Analytics and business intelligence systems combine data, statistics, technology and business strategy in a format that’s intuitive and easy for end users to interact with. A best practice is to develop and implement analytics and business intelligence systems using a balanced scorecard approach.
Balanced Scorecard Approach
The balanced scorecard (written about by Kaplan & Norton) is a performance management system that links non-financial and financial performance metrics and organizational goals. Strategic goals are documented in business terminology and associated with metrics. Goals and metrics are broken out and organized into four categories: financial, customer, internal process and human resources.

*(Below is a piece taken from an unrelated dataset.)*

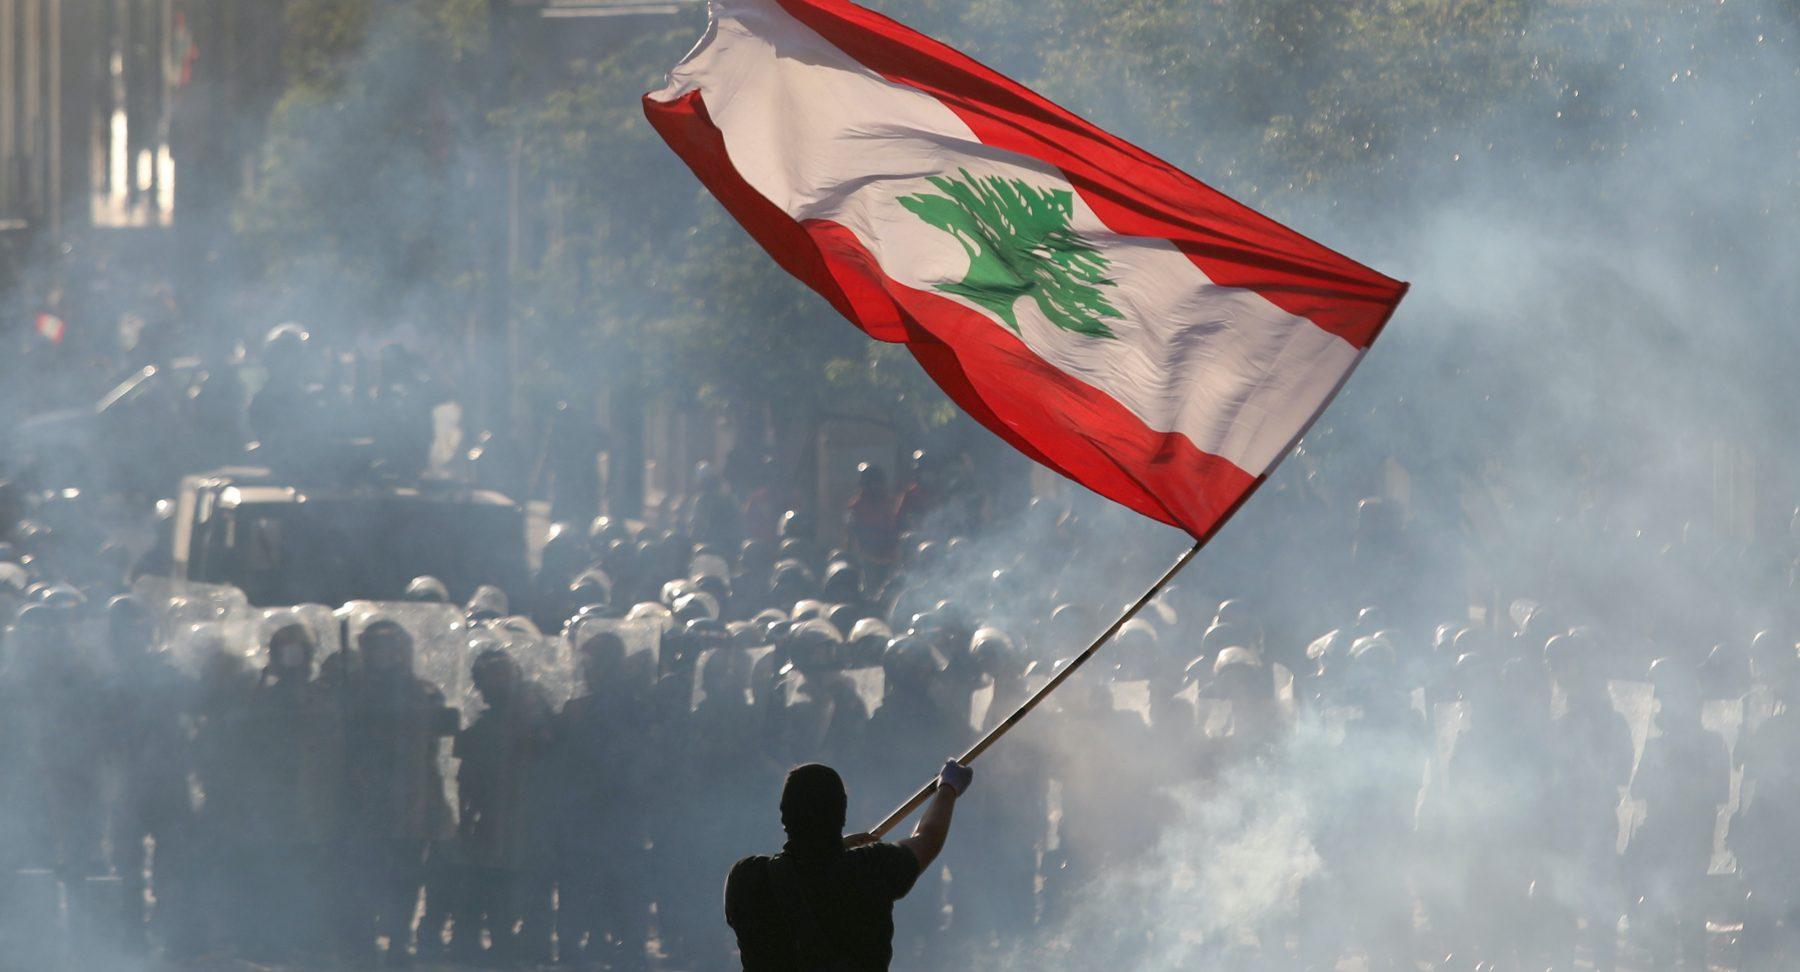 libanon regering treedt af

Business Intelligence is a broad concept with several functions including management reporting, ad hoc analysis, alerts, forecasting, segmentation and optimization. There are a number of business intelligence software/technology offerings on the market with price tags ranging for free to six figure. Examples of common business intelligence software are: Excel, SAS, IBM SPSS, Tableau, Spotfire, Rapid Miner, R, etc. Sometimes the best software to use is the one that you already have. Buying new software doesn’t guarantee success with analytics and business intelligence. A thorough financial and technology gap analysis should be done before investing in a new software.
A key component to a good business intelligence system is a collection of dashboards that visualize and make sense of a vast array of corporate, public and third party data. Highly intuitive, visually appealing, information packed agile dashboards enable managers and end users to quickly understand the most relevant facts pertaining to business performance.
Core dashboards in the business intelligence system should be built around the balanced scorecard strategy and display key metrics for visual analysis by end users. Through a series of connected dashboards, end users can take a deep dive into the key performance metrics to understand how they changed over time, how they are related and how they are predicted to perform in the future.
Supporting dashboards show the how specific projects, initiatives or functions relate to the overall performance of the company. Through data cubes and models, end users can drill down into the cause and effect relationship that every business decision has on a multitude of interconnected components of organizational operations.
Time Series Analysis, Alerts, Forecasting, Optimization
Using historical data alerts (such as emails, flags, offers etc) can be triggered to capitalized on situations by always taking action in a timely fashion. Forecasting uses historic data to predict the future, given a set of conditions. Optimization assesses a number of different scenarios to predict what’s the best that can happen.